Public Transportation: Wherever Life Takes You
Public Transportation: Wherever Life Takes You

Eye on NY security -- New head of House Homeland Security says transit safety funding should be top priority; vows to team with King

January 30, 2007

By Carol Eisenberg

Newsday Washington Bureau

WASHINGTON - The new Democratic chairman of the House Homeland Security Committee said the federal government must assume greater responsibility for mass transit security, just as it did for air security after terrorists flew planes into buildings five years ago.

Rep.

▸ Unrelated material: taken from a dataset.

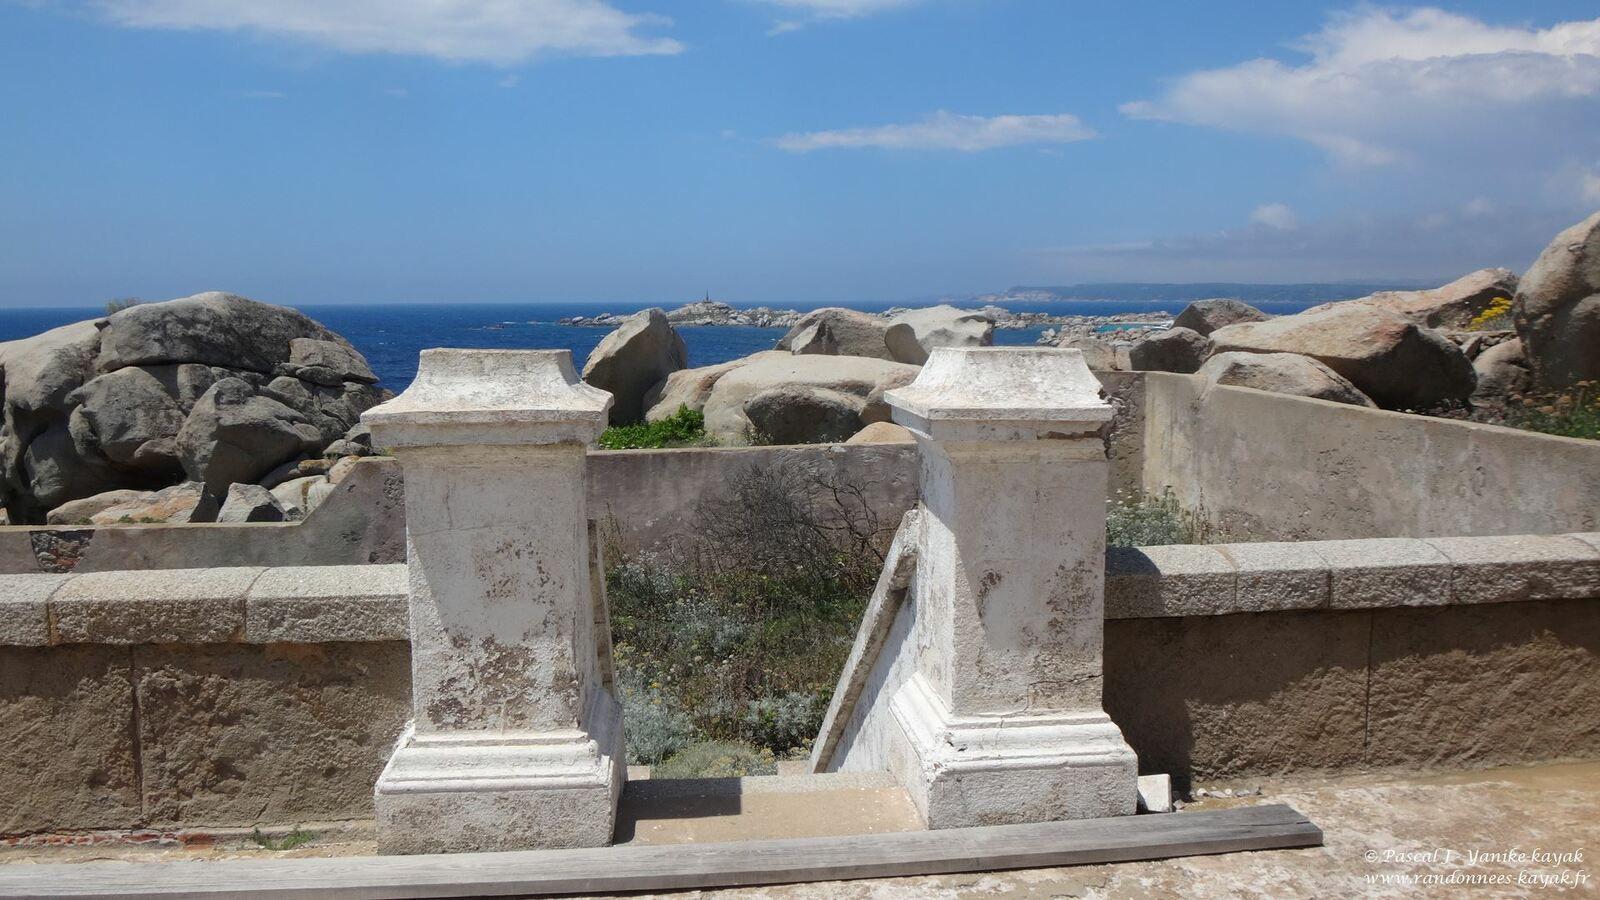 Corsica 2021, la beauté, essentielle, de la nature - Chapitre 12 : Cap au sud, les îles Lavezzi, un archipel aux airs d'Eden

Bennie Thompson of Mississippi said yesterday that his top priorities include getting federal funding to harden train tunnels leading into Penn Station, where several heavily used commuter lines, including the Long Island Rail Road, converge with New York's subways.

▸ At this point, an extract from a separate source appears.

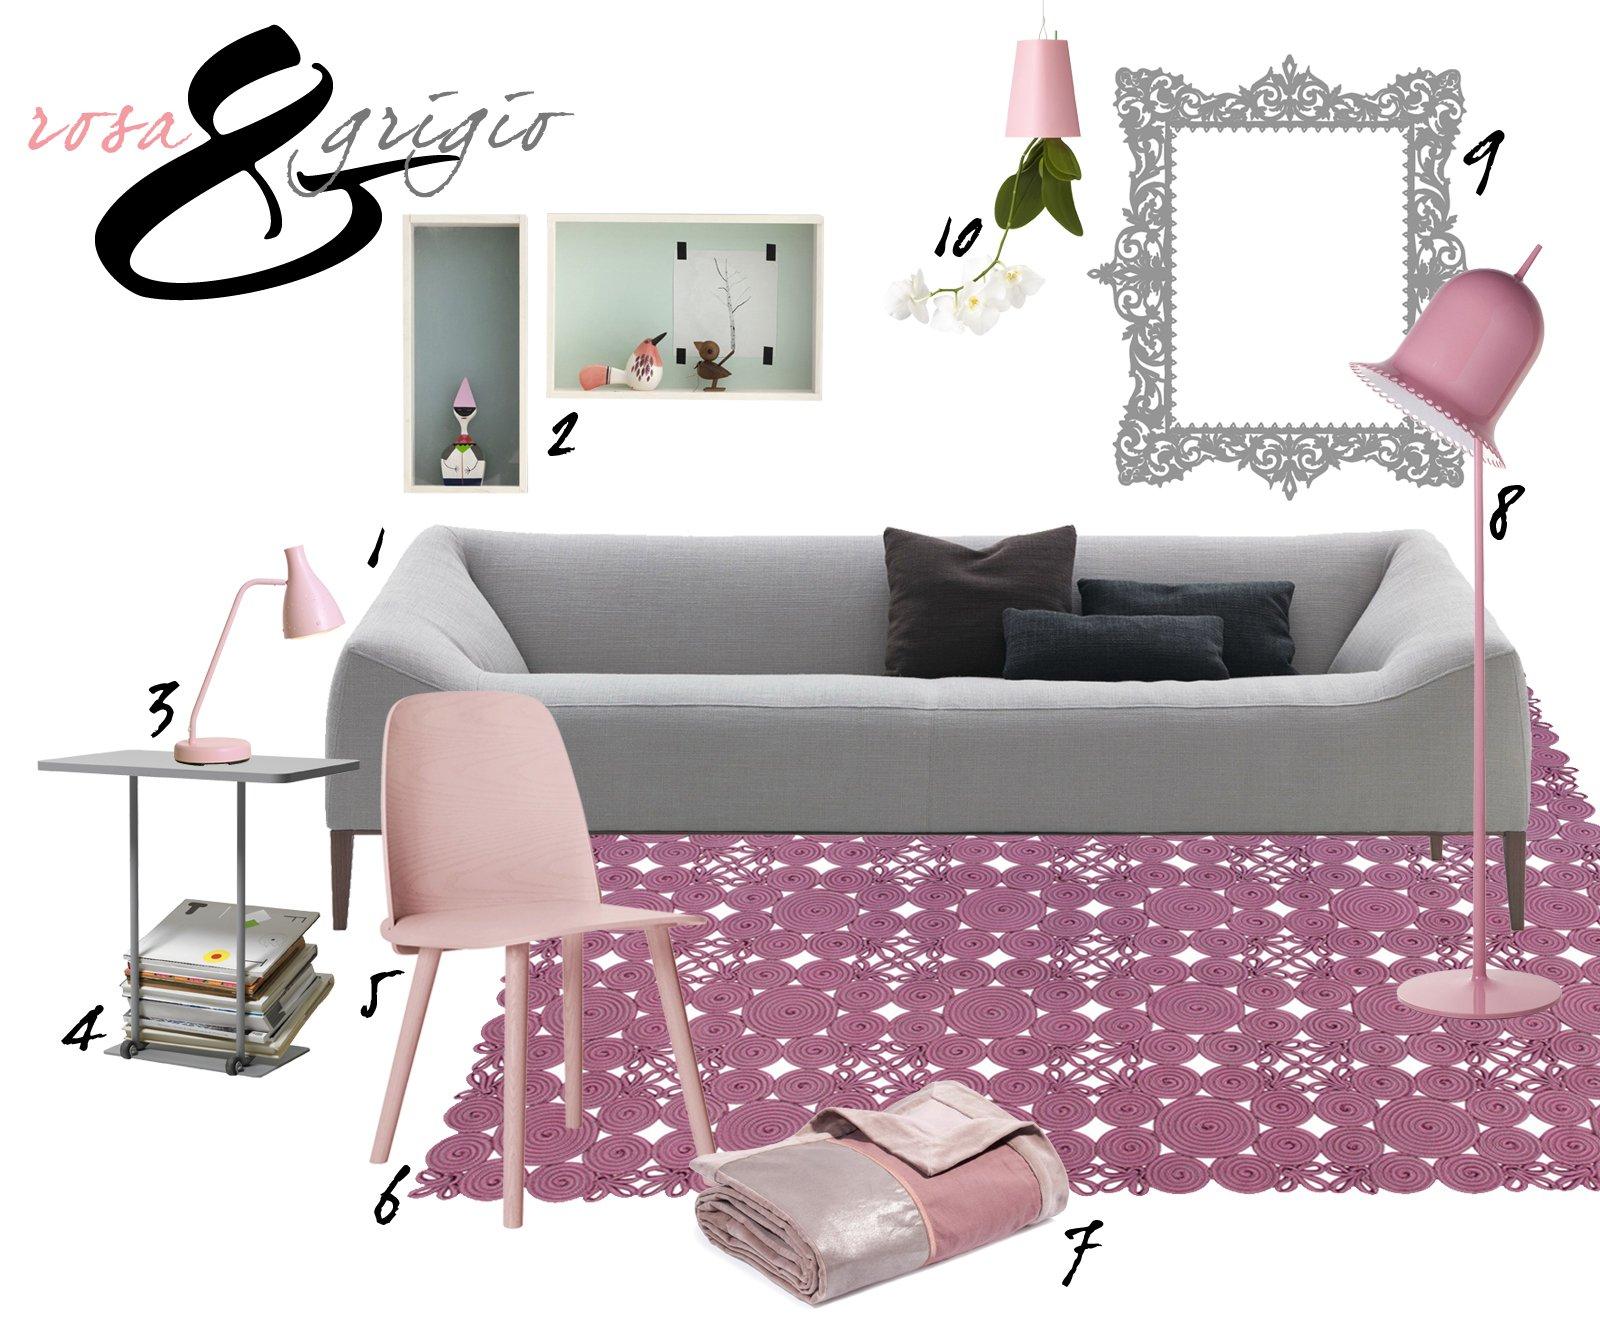 Soggiorno idee da copiare in grigio e rosa cose di casa - Montaggio divano ikea ...

"We're spending $9 per passenger on aviation security and only about 2 cents per passenger on rail security," Thompson said yesterday at the Homeland Security Police Institute at George Washington University.

"You can virtually move unfettered into a subway car or a passenger train," he added. "That's really not where we should be. ... Madrid, London and Mumbai are three examples of the potential vulnerabilities in this country. "

Since terrorists detonated bombs on commuter trains in India's financial capital last summer, killing more than 200 people and injuring more than 700, lawmakers have focused attention on transit security. Earlier attacks in London in July 2005 and in Madrid in March 2004 also killed and injured hundreds.

Thompson said that House Democrats would introduce legislation next month requiring that the government mandate vulnerability assessments and better training by public transit authorities to deter and respond to attacks. It would also provide a pot of money to help pay for improved ventilation, fire safety, emergency access and communications.

But would Republicans go along with an enhanced federal role?

Thompson noted he had worked "fabulously" with the committee's senior Republican, Peter King of Seaford, when the Republicans controlled Congress, but added that they had one major issue to resolve now that he was chairman.

"I might need a little help sometimes translating his Long Island brogue into Mississippi-speak, and vice versa, so that we can continue this relationship," he said, seeming to decelerate his already slow-as-molasses Hinds County, Miss., drawl for effect.

King, who has long advocated greater funding for mass transit security, acknowledged that communications between them could be tricky.

"I actually called Bennie the day after the election to congratulate him, and the only way I could reach him was on a cell phone in Mississippi," he recalled. "I talked so fast and he talked so slow that we kept interrupting each other. As part of better interoperability, we need cell phones that can adjust for the King-Thompson clash of dialects. "

Nonetheless, King said he hoped to find common ground with Democrats in creating a "meaningful," but "realistic" role for the federal government.

"We'll never get the same level of security as with aviation because you can't control the egress and ingress," he said. "Nevertheless, we can do a lot more in fortifying tunnels, building escape routes and installing sensor equipment to detect biological and chemical weapons, among other things. "

Thompson said the Democratic package will not mandate technologies, but would encourage transit authorities to experiment with "more boots on the ground," bomb-sniffing dogs and surveillance cameras.